Bongkar parkara.com Nagan Raya – Isu yang beredar terkait wartawan yang disebut melanggar kode etik jurnalistik karena terlibat perkelahian, perlu diluruskan secara objektif. Faktanya, wartawan tersebut menjadi korban pembacokan dengan senjata tajam saat menjalankan tugas jurnalistik. Dalam kondisi nyawanya terancam, ia mempunyai hak penuh untuk membela diri, sebagaimana diatur dalam Pasal 49 Kitab Undang-undang Hukum Pidana (KUHP) tentang pembelaan terpaksa (noodweer).
Pasal tersebut secara jelas menyebutkan bahwa barang siapa melakukan perbuatan untuk mempertahankan diri atau orang lain dari serangan yang melawan hukum, tidak dapat dipidana. Artinya, tindakan wartawan yang melindungi dirinya dari upaya pembunuhan bukanlah pelanggaran etik, melainkan hak asasi manusia untuk mempertahankan hidup.
Ironisnya, muncul oknum yang mengaku wartawan namun justru menghembuskan opini sesat dengan menuding korban melanggar kode etik. Sikap seperti ini tidak hanya menunjukkan keberpihakan pada pelaku kejahatan, tetapi juga mencoreng marwah profesi wartawan itu sendiri. Oknum penjilat yang mencari muka kepada perusahaan atau pihak tertentu jelas tidak memahami aturan hukum maupun kode etik jurnalistik secara utuh.
Perlu digarisbawahi, kode etik jurnalistik mengatur integritas dan independensi wartawan dalam karya jurnalistik, bukan untuk mengkriminalisasi wartawan yang sedang mempertahankan nyawa dari serangan maut.

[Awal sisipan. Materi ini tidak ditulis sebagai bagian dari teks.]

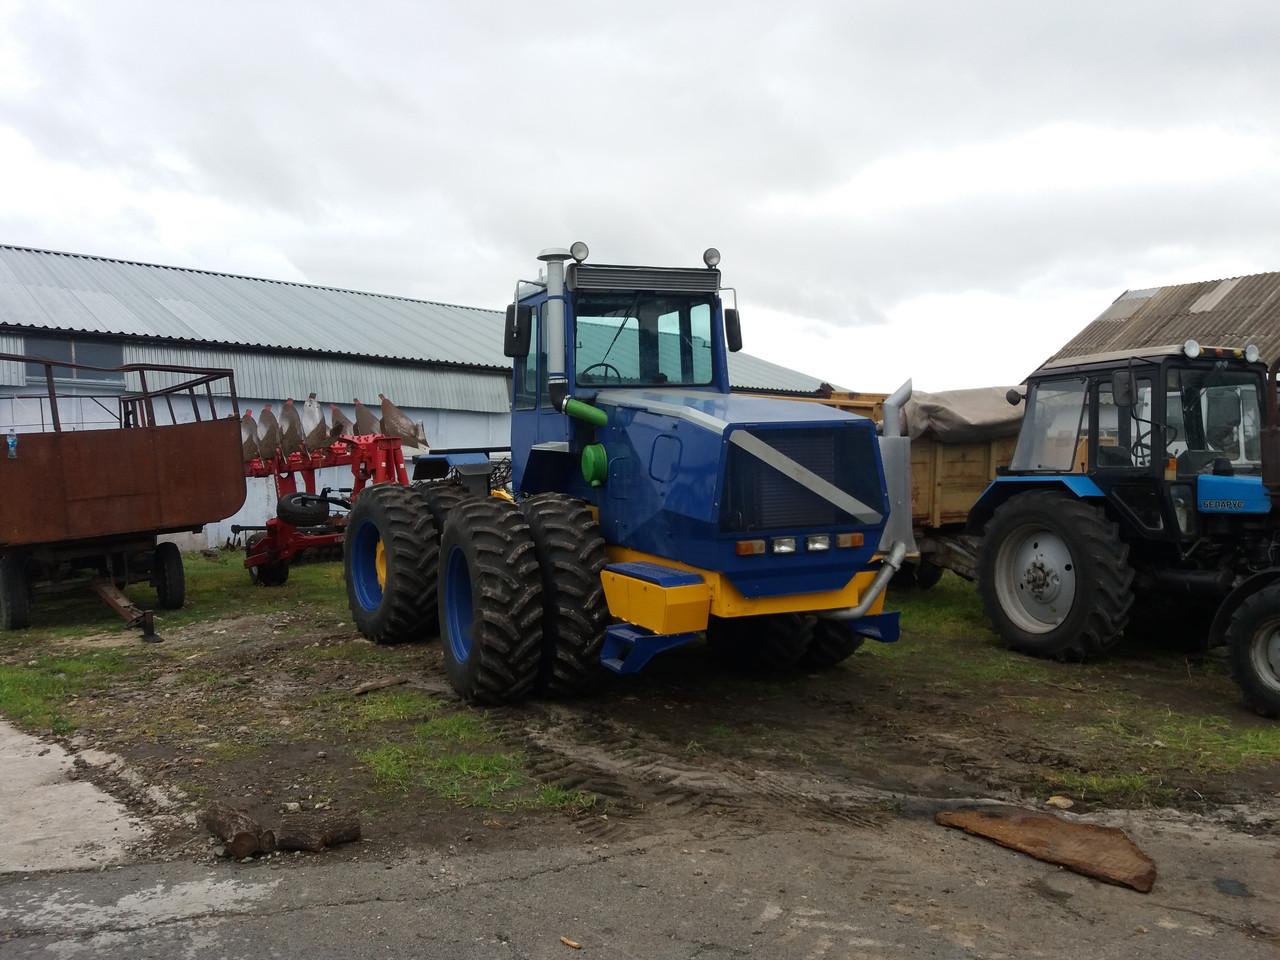 Трактор АТК типа Т-150К (Двигатель Volvo 350 л.с)

Kasus ini menjadi cermin bahwa solidaritas sesama wartawan harus ditegakkan, bukan justru melemahkan korban yang sedang memperjuangkan keadilan. Alih-alih menuding tanpa dasar, semua pihak seharusnya mendukung proses hukum agar pelaku pembacokan segera ditangkap dan diproses sesuai undang-undang.